◆ Work instruction: From the records that follow, return exactly the lines beginning at the one that contains "Windows 8 Live" and ending at the one that contains "Figure US20190106394A1-20190411-C00083", pictures left out.
------ Material for the task ------
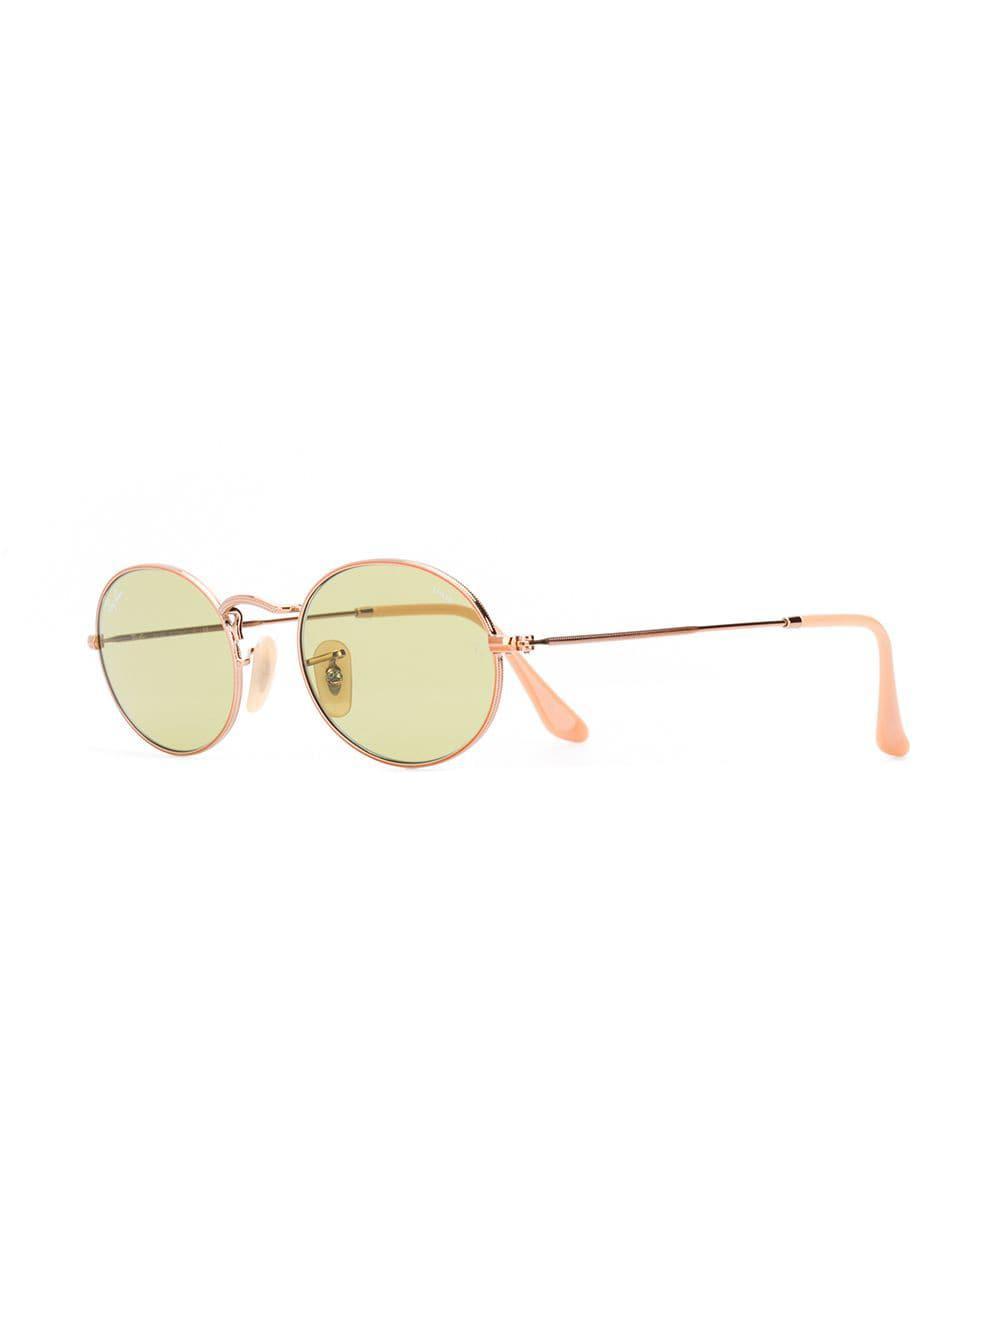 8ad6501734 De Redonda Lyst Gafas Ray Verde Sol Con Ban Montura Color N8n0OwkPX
------
------ Material for the task ------
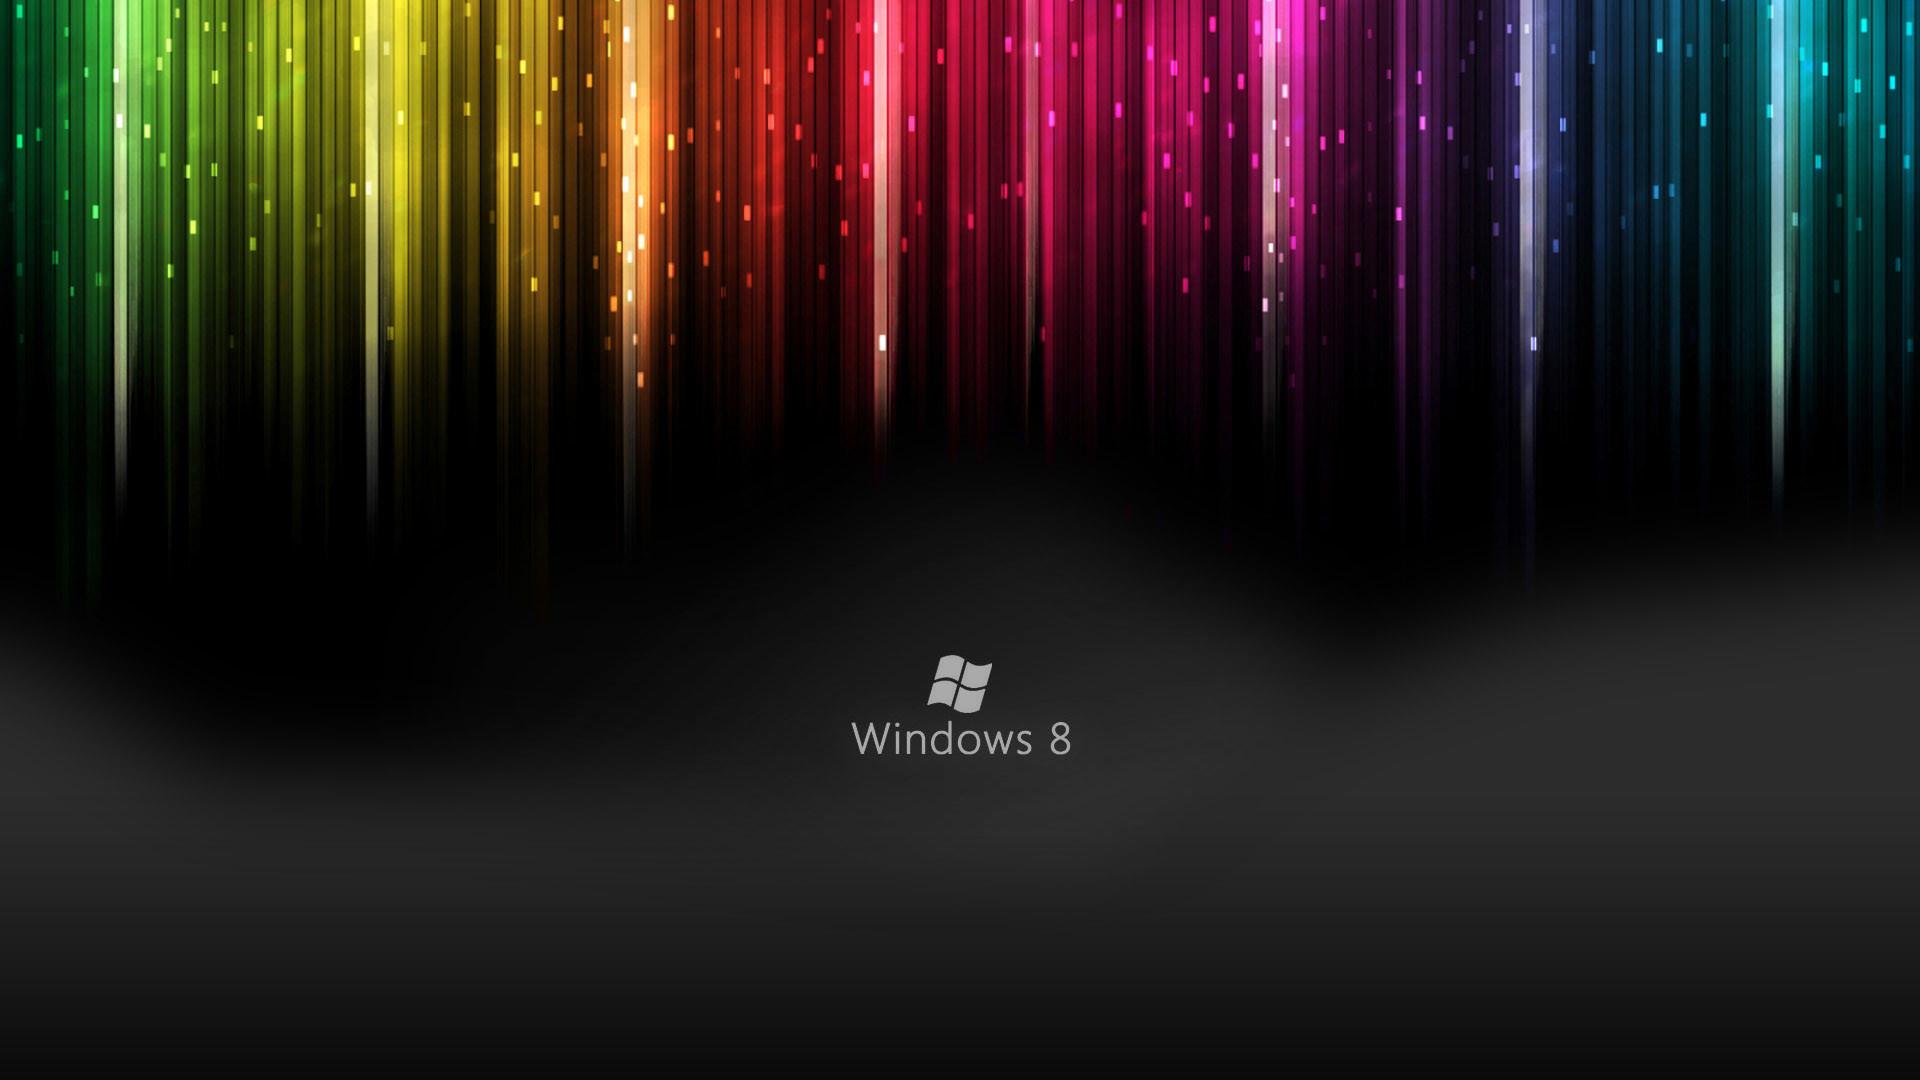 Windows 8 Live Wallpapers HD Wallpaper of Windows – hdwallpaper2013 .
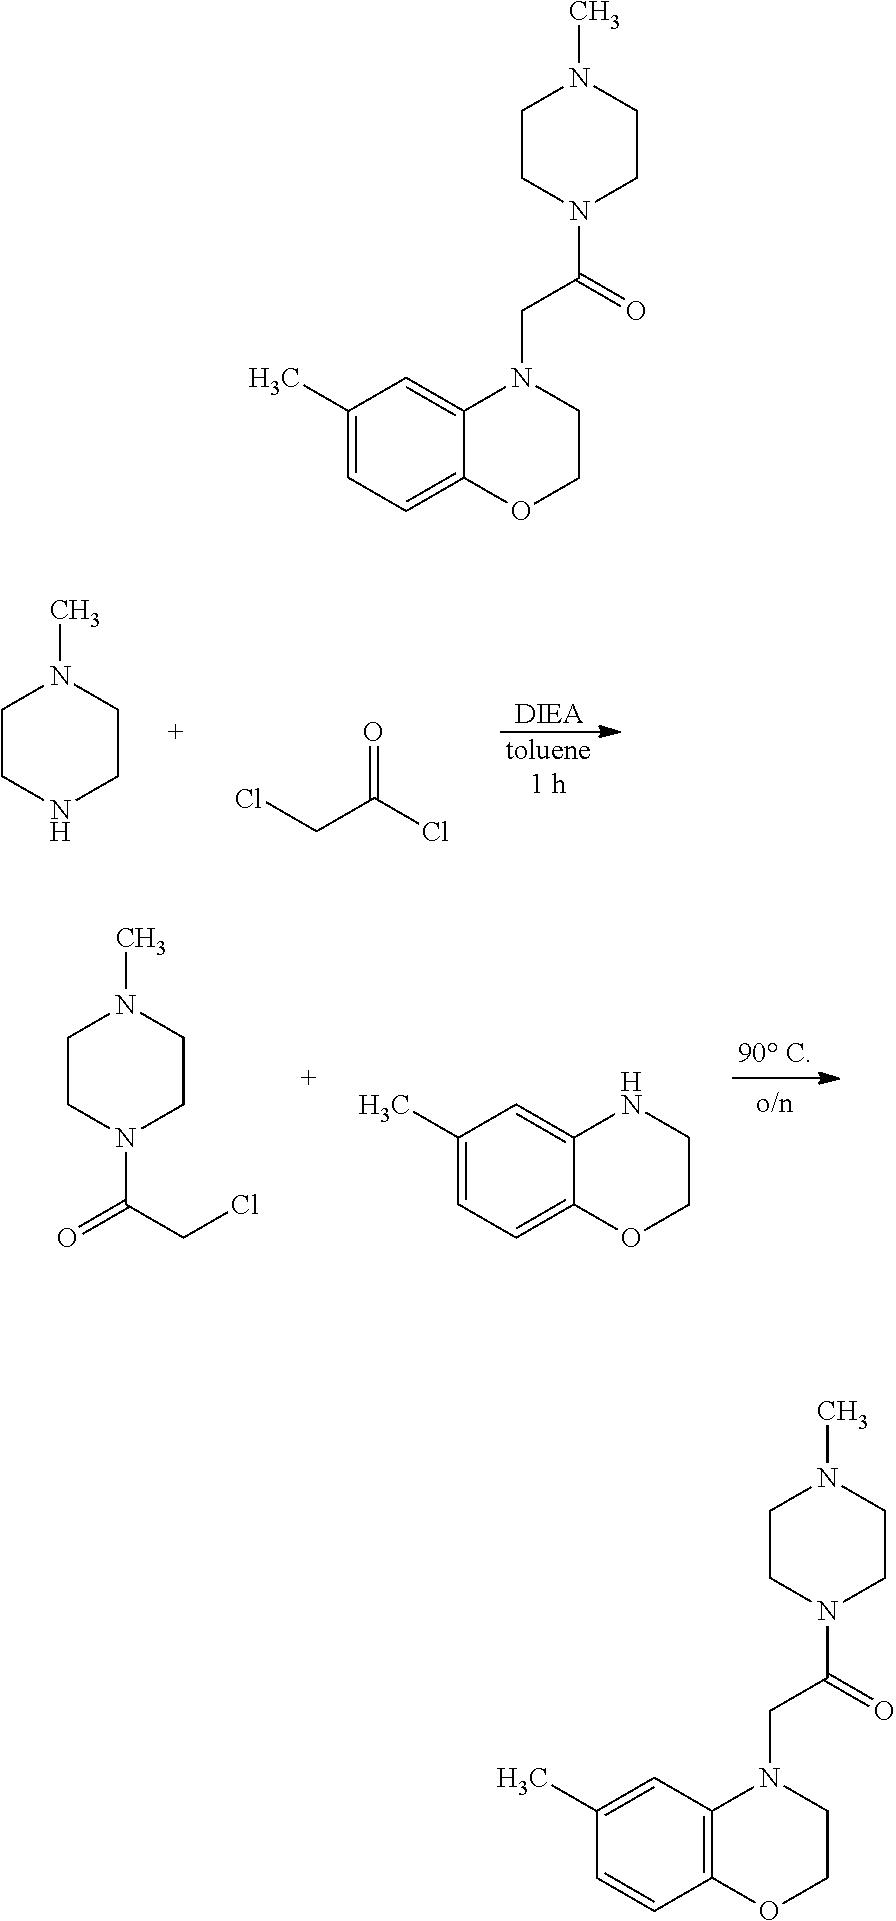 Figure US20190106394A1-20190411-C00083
------
------ Material for the task ------
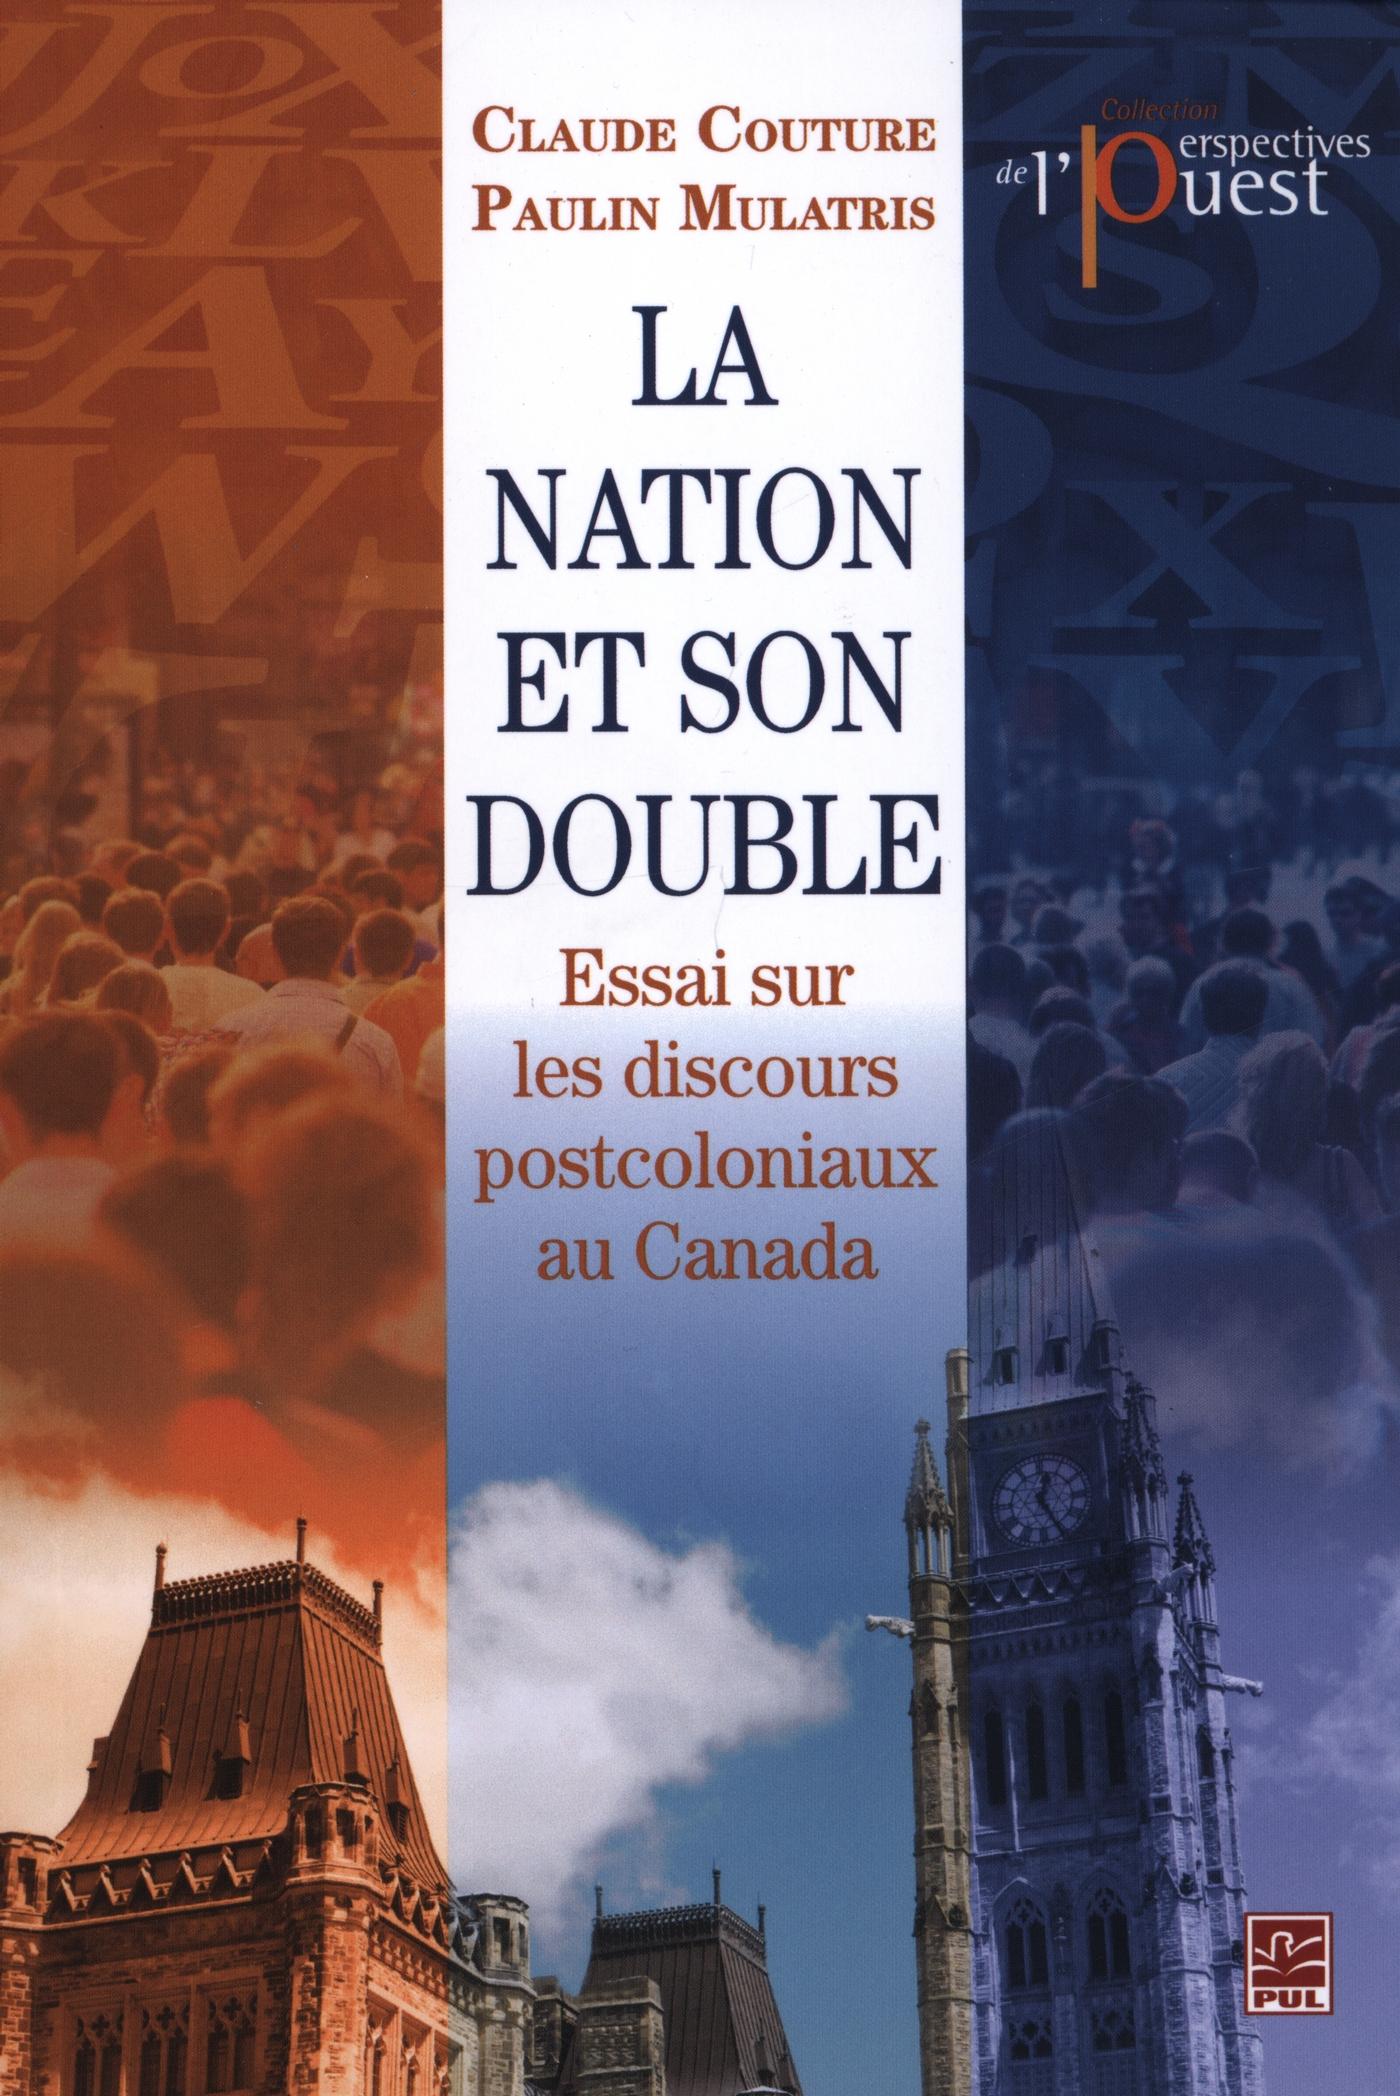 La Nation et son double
------
◆ Task answer:
 Windows 8 Live Wallpapers HD Wallpaper of Windows – hdwallpaper2013 .
 Figure US20190106394A1-20190411-C00083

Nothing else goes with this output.